[rescue] OpenBSD

Christian J Hedemark chris at yonderway.com
Sat Jan 26 23:04:19 CST 2002


Patrick Giagnocavo said:
> Yes, I tend to buy PCs myself - but they get loaded with OpenBSD.

Amen.

Although I usually run on "rescued" hardware.  Yeah there are a couple of
machines I put together from new parts but the rest is discarded scrap that
even the public schools didn't want anymore.

I just set one of them up tonight as a matter of fact for my father in law.
It's now serving the following functions for his home:

* Firewall
* NAT
* DHCP Server
* DNS server
* transparent http proxy
* WINS server (he is mostly running various flavors of Windoze over there)
* Windoze file server (Samba)
* Banner ad stripper

I haven't quite figured out tranparent ftp proxying.  The OpenBSD FAQ is
wrong on how to do this.  Recent threads on misc at openbsd.org seem to suggest
it has been fixed in -current but I've never done that sort of upgrade
before, the docs aren't too clear on how to do it, and I'm not going to do
it for the first time on someone else's computer (especially not one that I
have to support!).

The web access hauls ass now.  Lots of latency has been stripped, due in
part to the nearby DNS server that isn't being overused like the one Road
Runner has provided.  Stripping the banner ads also helped a lot.  How many
times do you sit there waiting for a banner ad to download before the rest
of the page will finish rendering?  While actual throughput hasn't really
improved much, stripping the latency can make things more enjoyable for a
web surfer than a little more bandwidth will.

Not bad for a Pentium 133 with 32MB RAM (up from 16MB, mostly to improve
Squid performance).

This has been configured as a stateful firewall so if you nmap it from
outside it is totally stealth.

I am so in love with OpenBSD.  I'm trying to find about a half a day of
consecutive free time to install in on my Sun Ultra 5, which I've dug up a
16.8GB drive for.  I hear it should run really well on this hardware.

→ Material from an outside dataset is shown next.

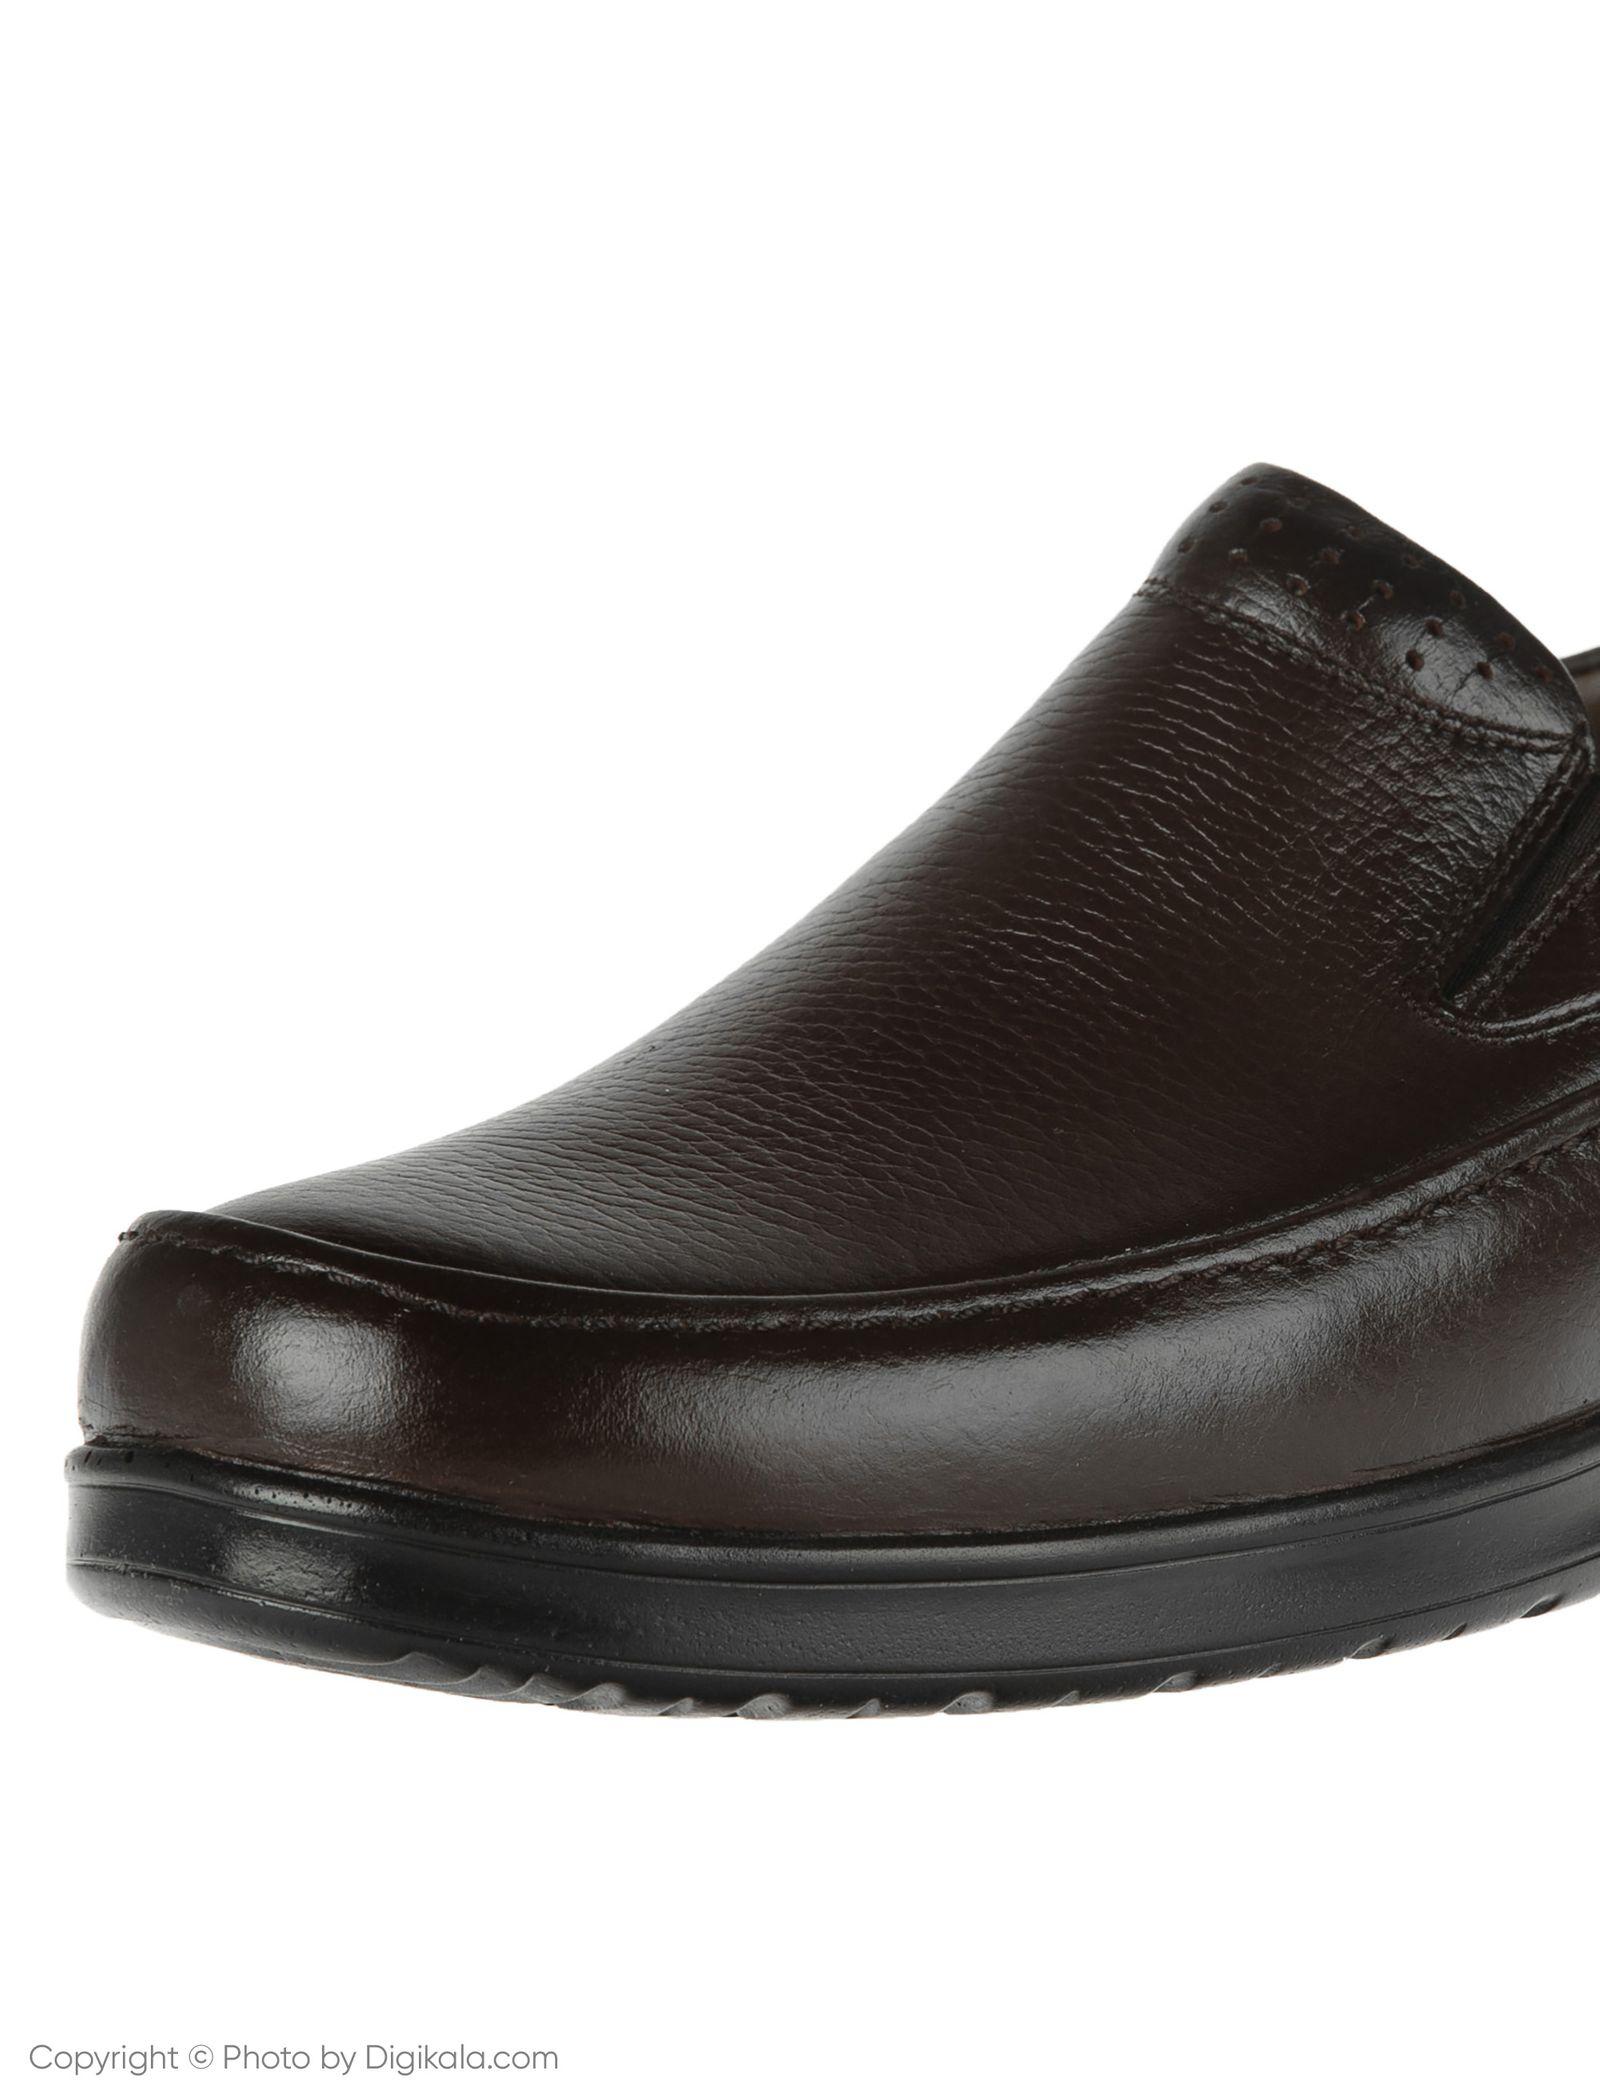 کفش روزمره مردانه ساتین مدل SN7172A-104 -  - 6

Also have OpenBSD running now for one of my clients.  I am on a mission to
replace his NT servers, which is basically what he hired me to do.  WINS,
DNS, DHCP, and some other services are already done.  All of this is running
on a single Pentium II 233MHz box for over 100 users.  When I am done a
second host will be set up as a hot failover box for the first.  Once the NT
servers are replaced, I'll recycle the hardware they ran on to run XDMCP.
Apparently they have a store room of old Pentiums and Pentium II's, and even
an ALR four-way Pentium Pro box.  Those old machines are going to become
OpenBSD boxes with X, basically acting as X Terminals for the old Windows NT
servers (which will probably run Linux).

I know some folks here are too into the politics of NetBSD vs. OpenBSD and
can't open their eyes to see the new directions that OpenBSD is pushing in
on their own.  But if you've got an old POS that recent Linux distros won't
work on anymore, give OpenBSD a try.  I've confirmed version 3.0 (the latest
release) to install and run on a 486/66MHz with 12MB RAM and 220MB hard
disk.  Give yourself about one gig of hard disk and 32 or more megs of RAM
if you want to go all out with X Windows and such.